[Material provided — start]

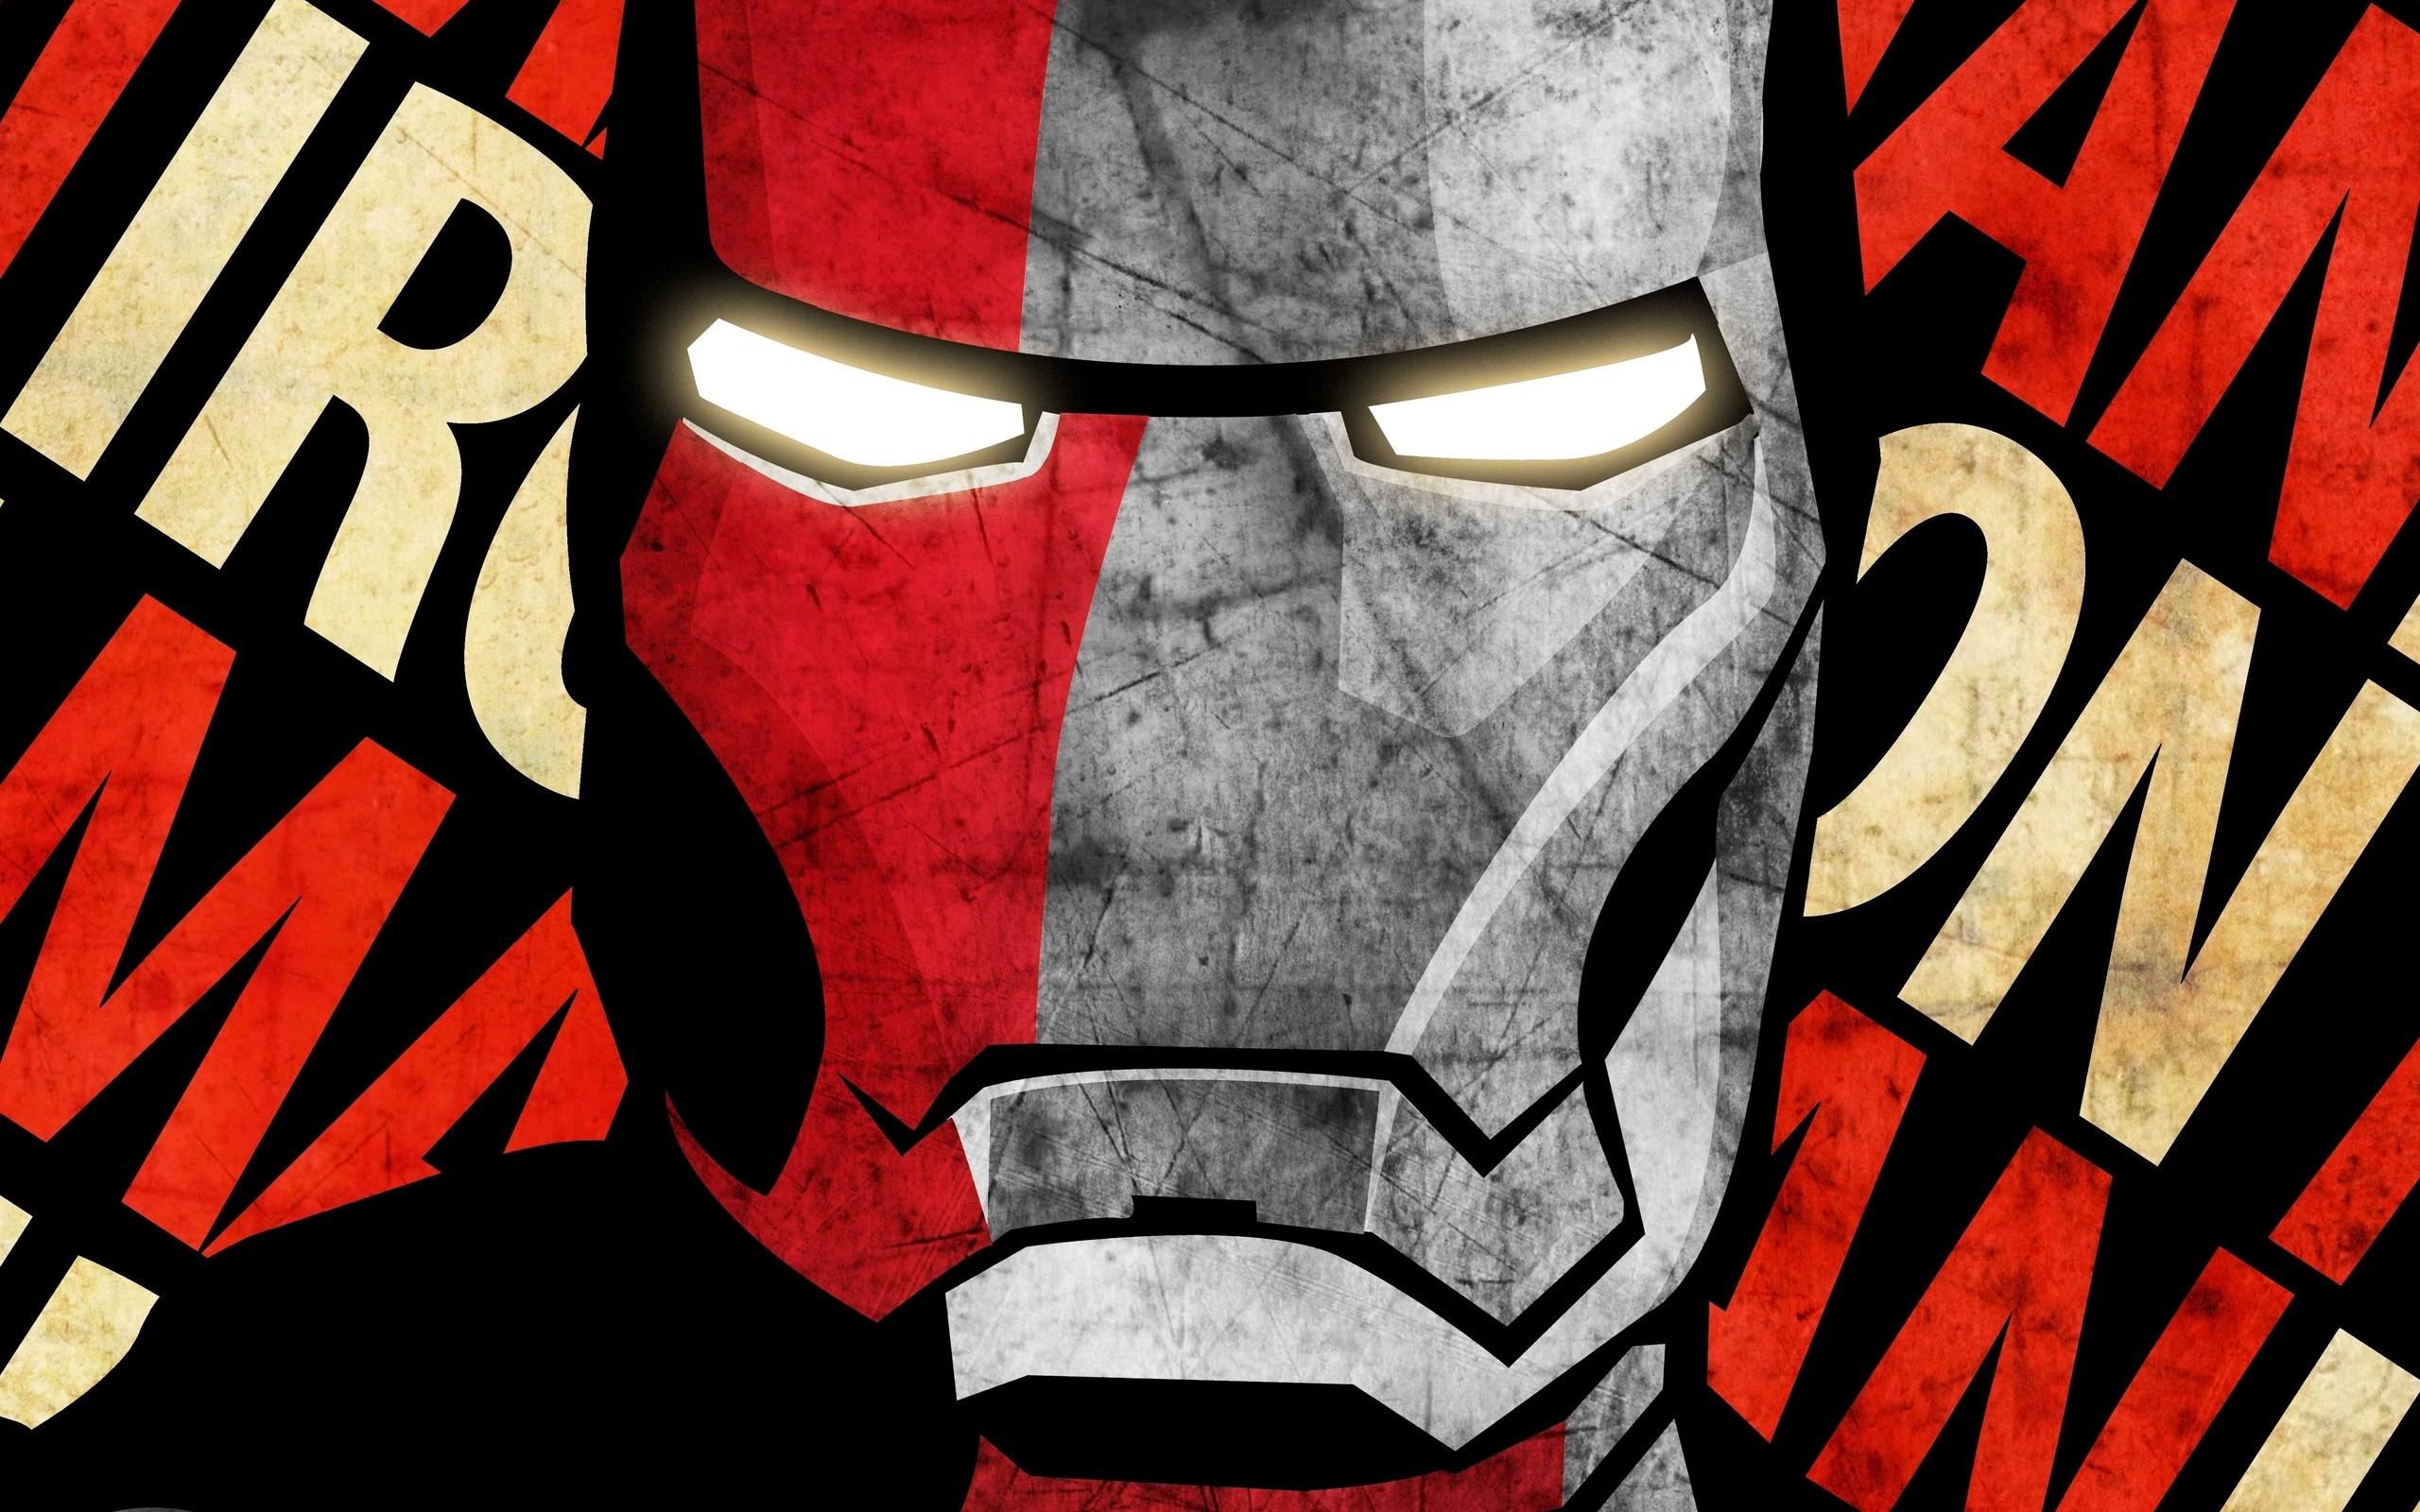 Iron Man Wallpaper 2560x1600 Iron Man Comics Superheroes Marvel 2560x1600
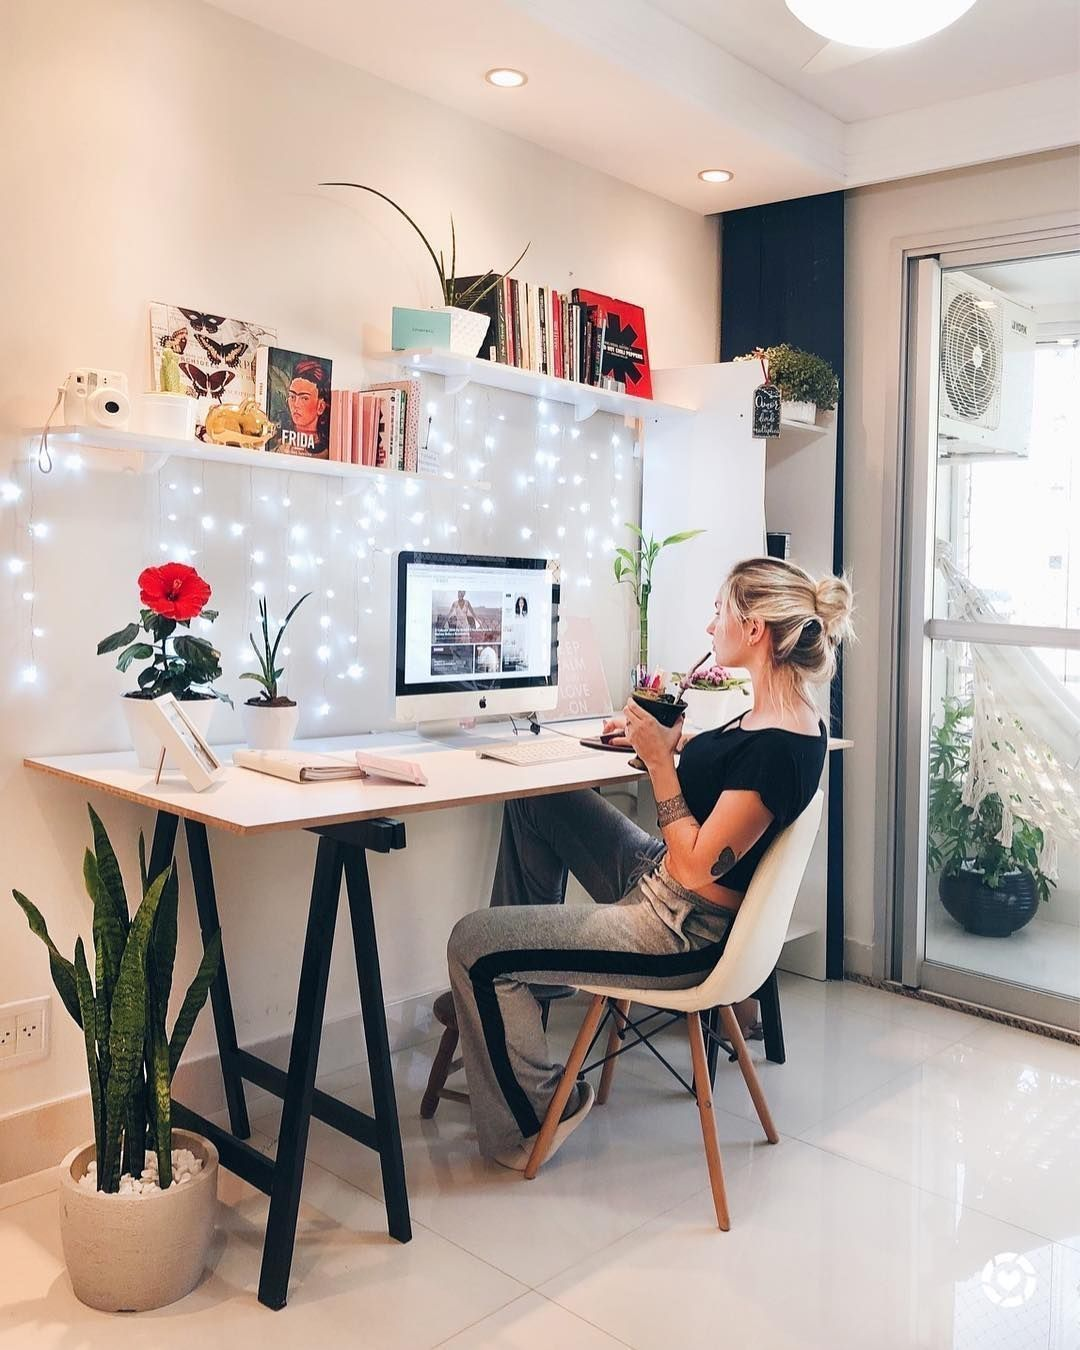 Cute Desk Decor Ideas For Your Dorm Or Office Deskofficeideas Homedecor Homeofficeideas Office Home Office Decor Home Decor Room Decor
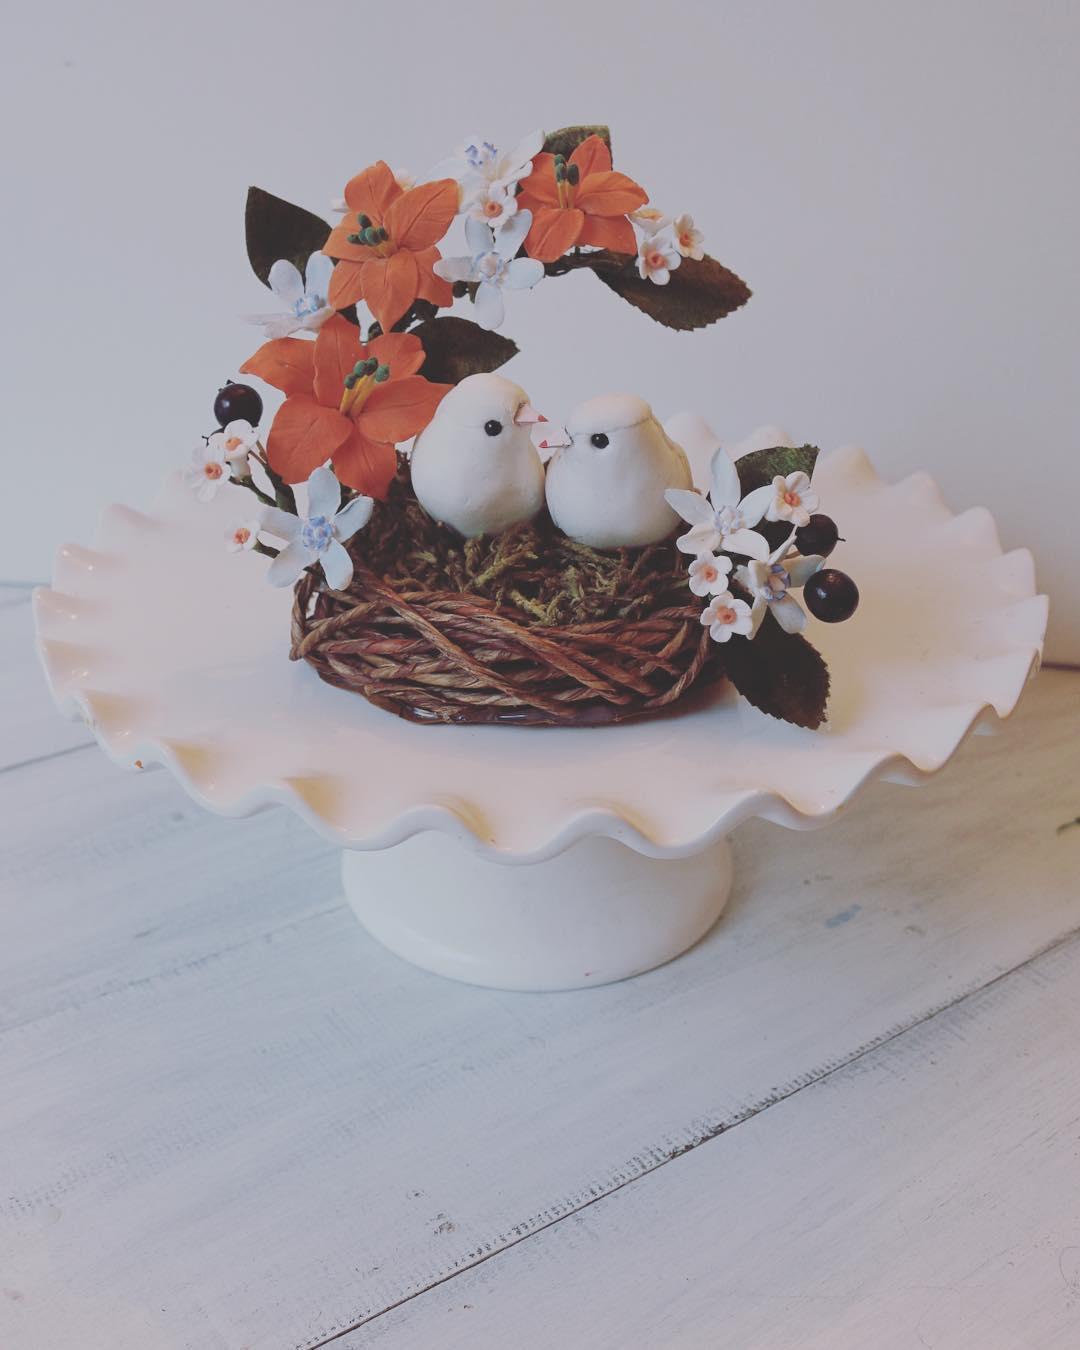 Handmade Forget me nots wedding cake topper bird nest in blue ...

[Material provided — finish]

*Work item*: A word-for-word reprint of the listing above is needed, minus the pictures.

*Reply*:
 Iron Man Wallpaper 2560x1600 Iron Man Comics Superheroes Marvel 2560x1600
 Cute Desk Decor Ideas For Your Dorm Or Office Deskofficeideas Homedecor Homeofficeideas Office Home Office Decor Home Decor Room Decor
 Handmade Forget me nots wedding cake topper bird nest in blue ...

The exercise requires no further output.